[PATCH 25/26] Added BackLog for default WIP make it maintain hierarchy
abartlet at samba.org
abartlet at samba.org
Thu Jun 5 04:07:30 MDT 2014
From: Luke Morrison <luc785 at hotmail.com>
---
Sdfsdfs | 0
python/samba/gpclass.py | 131 +++++++---------------------------
source4/scripting/bin/samba_gpoupdate | 40 +++++++----
3 files changed, 54 insertions(+), 117 deletions(-)
create mode 100644 Sdfsdfs
diff --git a/Sdfsdfs b/Sdfsdfs
new file mode 100644
index 0000000..e69de29
diff --git a/python/samba/gpclass.py b/python/samba/gpclass.py
index 59b6402..c728045 100755
--- a/python/samba/gpclass.py
+++ b/python/samba/gpclass.py
@@ -117,15 +117,18 @@ class gp_sec_ext(gp_ext):
}
#FIXME. EACH gpo should have a parser, and a creater. Essentially a gpo is just a file. Possibly a method and class to link it to organization unit (if that already does not exist) so that GPO's can be created arithmetically, possibly with a hashtable for certain GPO, then linked if desired. Also could store a backup folder of gpo's and then configure them without necessarily deploying it.
- def read_inf(self, path, conn):
+ def read_inf(self, path, conn, attr_log):
inftable = self.populate_inf()
- '''The inf file to be mapped'''
- #policy = codecs.open(path, encoding='utf-16')
try:
policy = conn.loadfile(path).decode('utf-16')
except:
return None
current_section = None
+ print attr_log
+ #LOG2 = open(attr_log, "w")
+ LOG = open(attr_log, "a")
+ print path.split('/')[2]
+ LOG.write(str(path.split('/')[2]) + '\n')
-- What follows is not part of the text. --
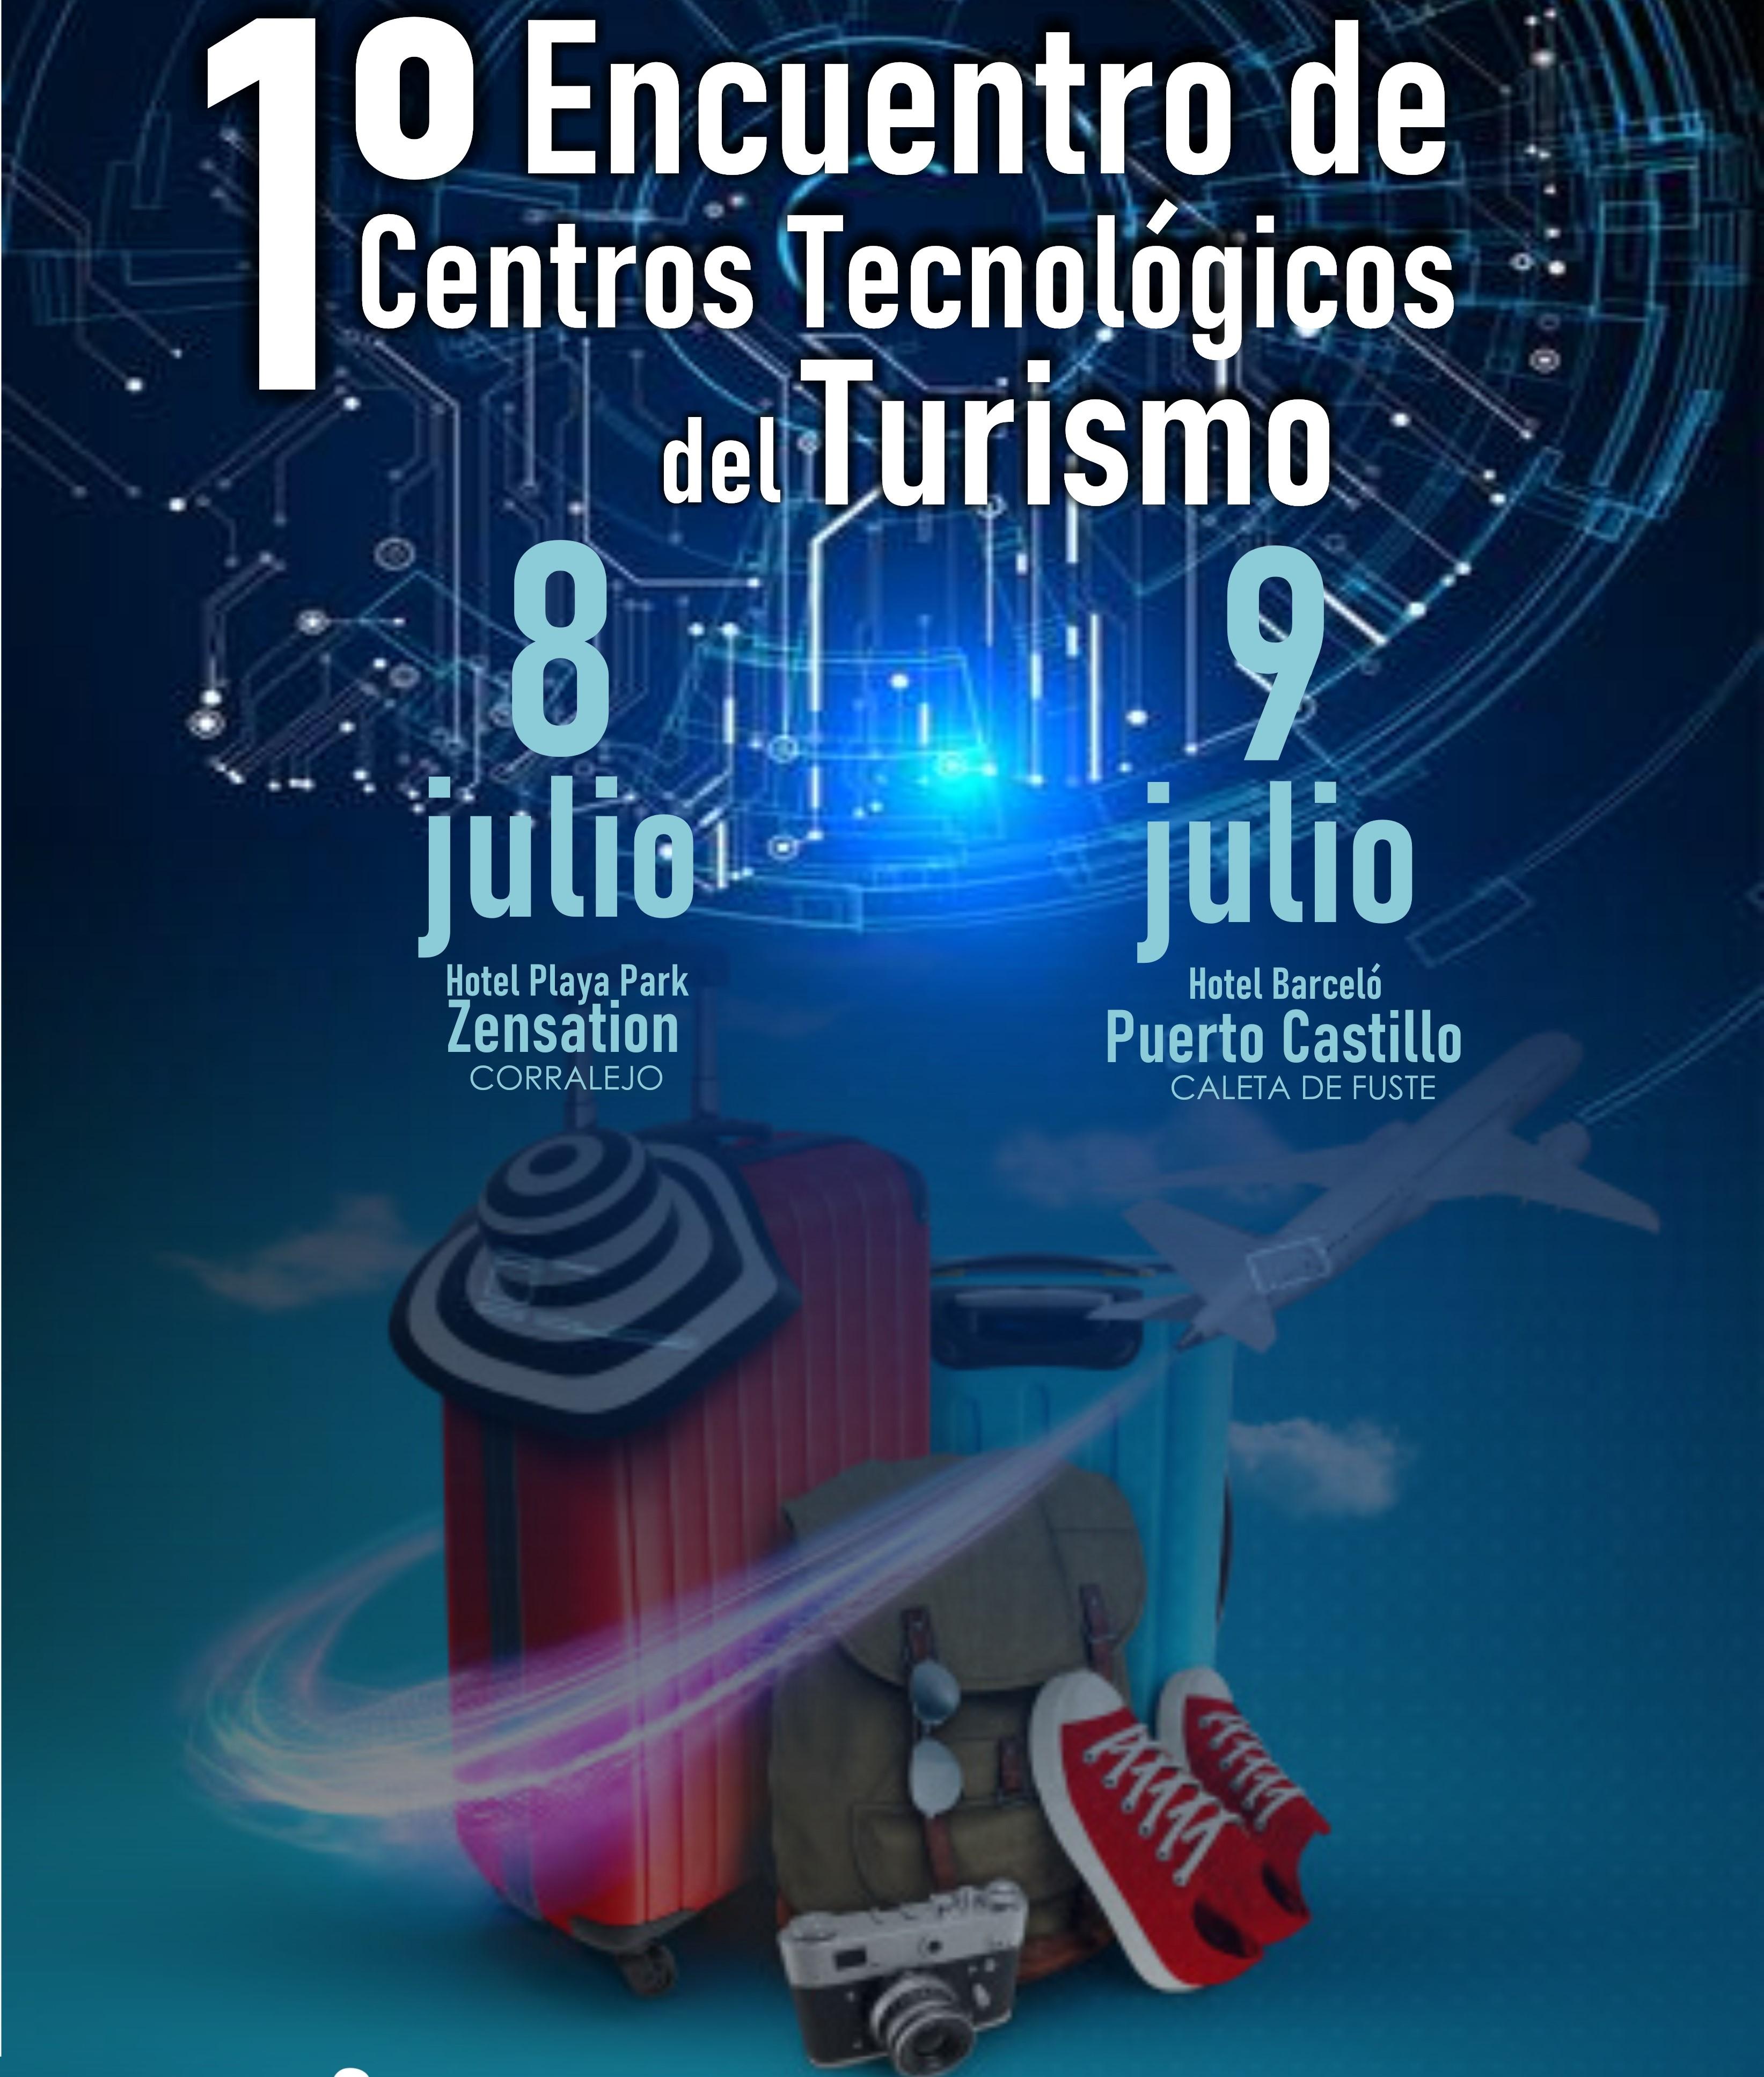 Encuentro de Centros Tecnológicos de Turismo en Fuerteventura / CanariasNoticias.es

for line in policy.splitlines():
line = line.strip()
if line[0] == '[':
@@ -141,102 +144,27 @@ class gp_sec_ext(gp_ext):
if current_section.get(key):
(att, setter) = current_section.get(key)
value = value.encode('ascii', 'ignore')
+ #so value is the value that it contains, and the att is the attribute
+ LOG.write(att + ' ' + value + '\n')
+ #copy and paste this logic to backwalk deleted GPO
setter(self.ldb, self.dn, att, value).update_samba()
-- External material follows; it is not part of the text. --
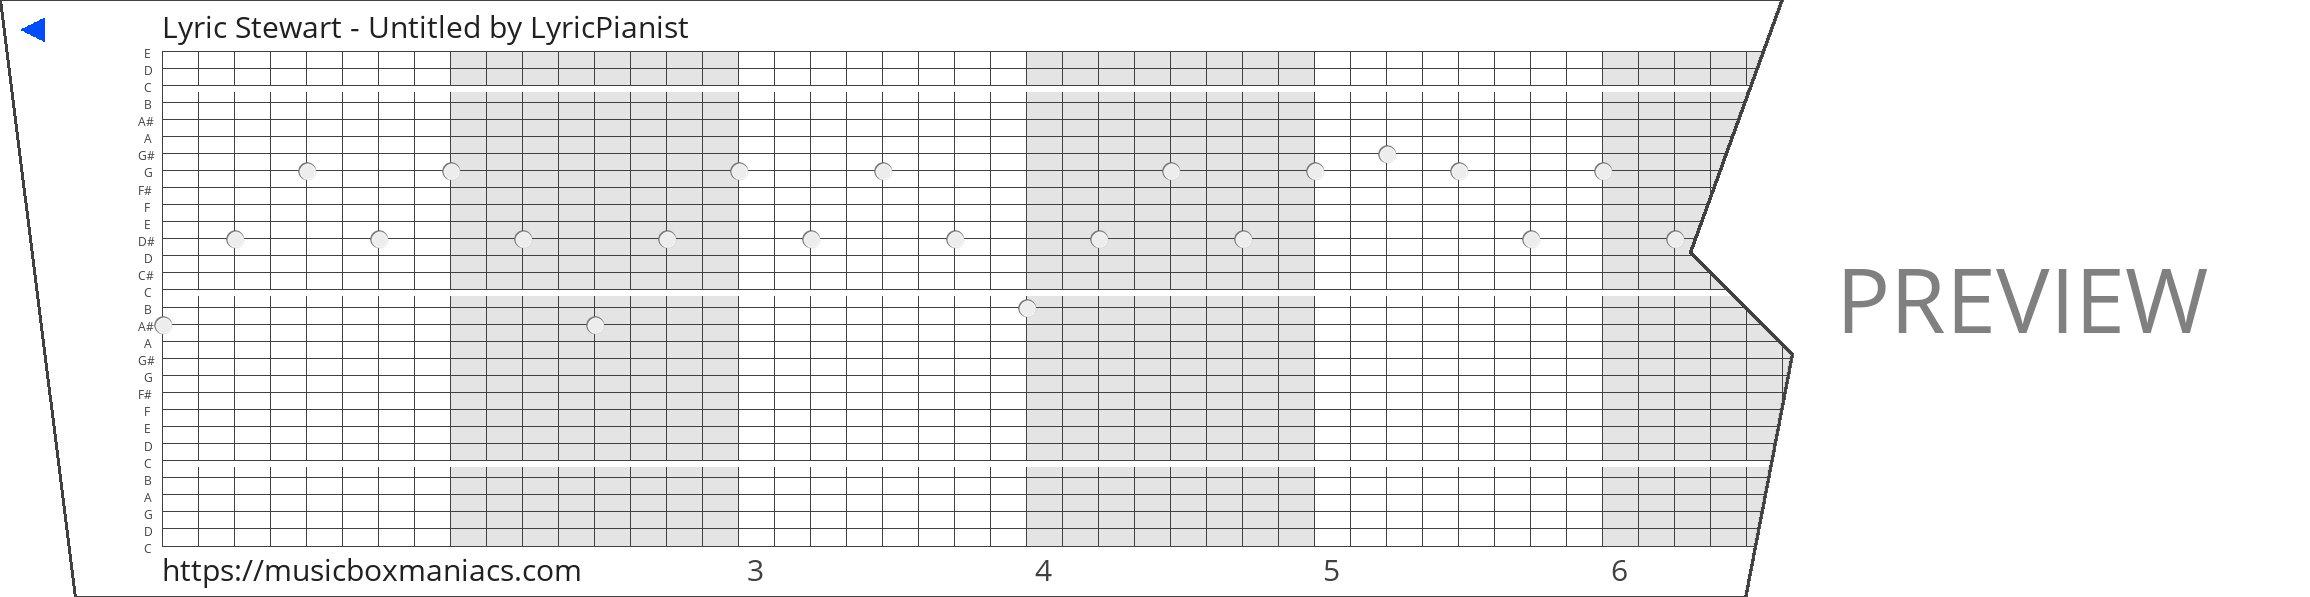 Lyric Stewart - Untitled 30 note music box paper strip

- #FIXME read registry files (.pol). Can they ever apply? Define read_registry():
- def parse(self, afile, ldb, conn):
+ def parse(self, afile, ldb, conn, attr_log):
self.ldb = ldb
self.dn = ldb.get_default_basedn()
- if afile.endswith('inf'):
- self.read_inf(afile, conn)
-
-class samba4_gpo_hierarchy(object):
-
- def __init__(self, SamDB, sysvol_guid_list, DC_OU, GLOBAL_DN):
- """
- :param SamDB: An instance of the live samba database
- :param sysvol_guid_list: The complete list of all GPO GUID's listed in sysvol folder
- :param DC_OU: The respective distinguished name of the Domain Controller
- :param GLOBAL_DN: The Domain DN that Samba is a part of
- """
- self.SamDB = SamDB
- self.GUID_L = sysvol_guid_list
- self.DC_OU = DC_OU
- self.GL_DN = GLOBAL_DN
- self.sorted_containers = []
- self.sorted_full = []
- self.indexed_places = []
- self.unapplied_gpo = 0
-
- def update_unapplied_gpo(self):
- self.update_unapplied_gpo += 1
-
- '''Returns list of int indexes to where the dn changes'''
- def container_indexes(self):
- count = 0
- container_indexes = []
- while count < (len(self.GUID_L)-1):
- if self.sorted_containers[count][2] != self.sorted_containers[count+1][2]:
- container_indexes.append(count+1)
- count += 1
- container_indexes.append(len(self.sorted_containers))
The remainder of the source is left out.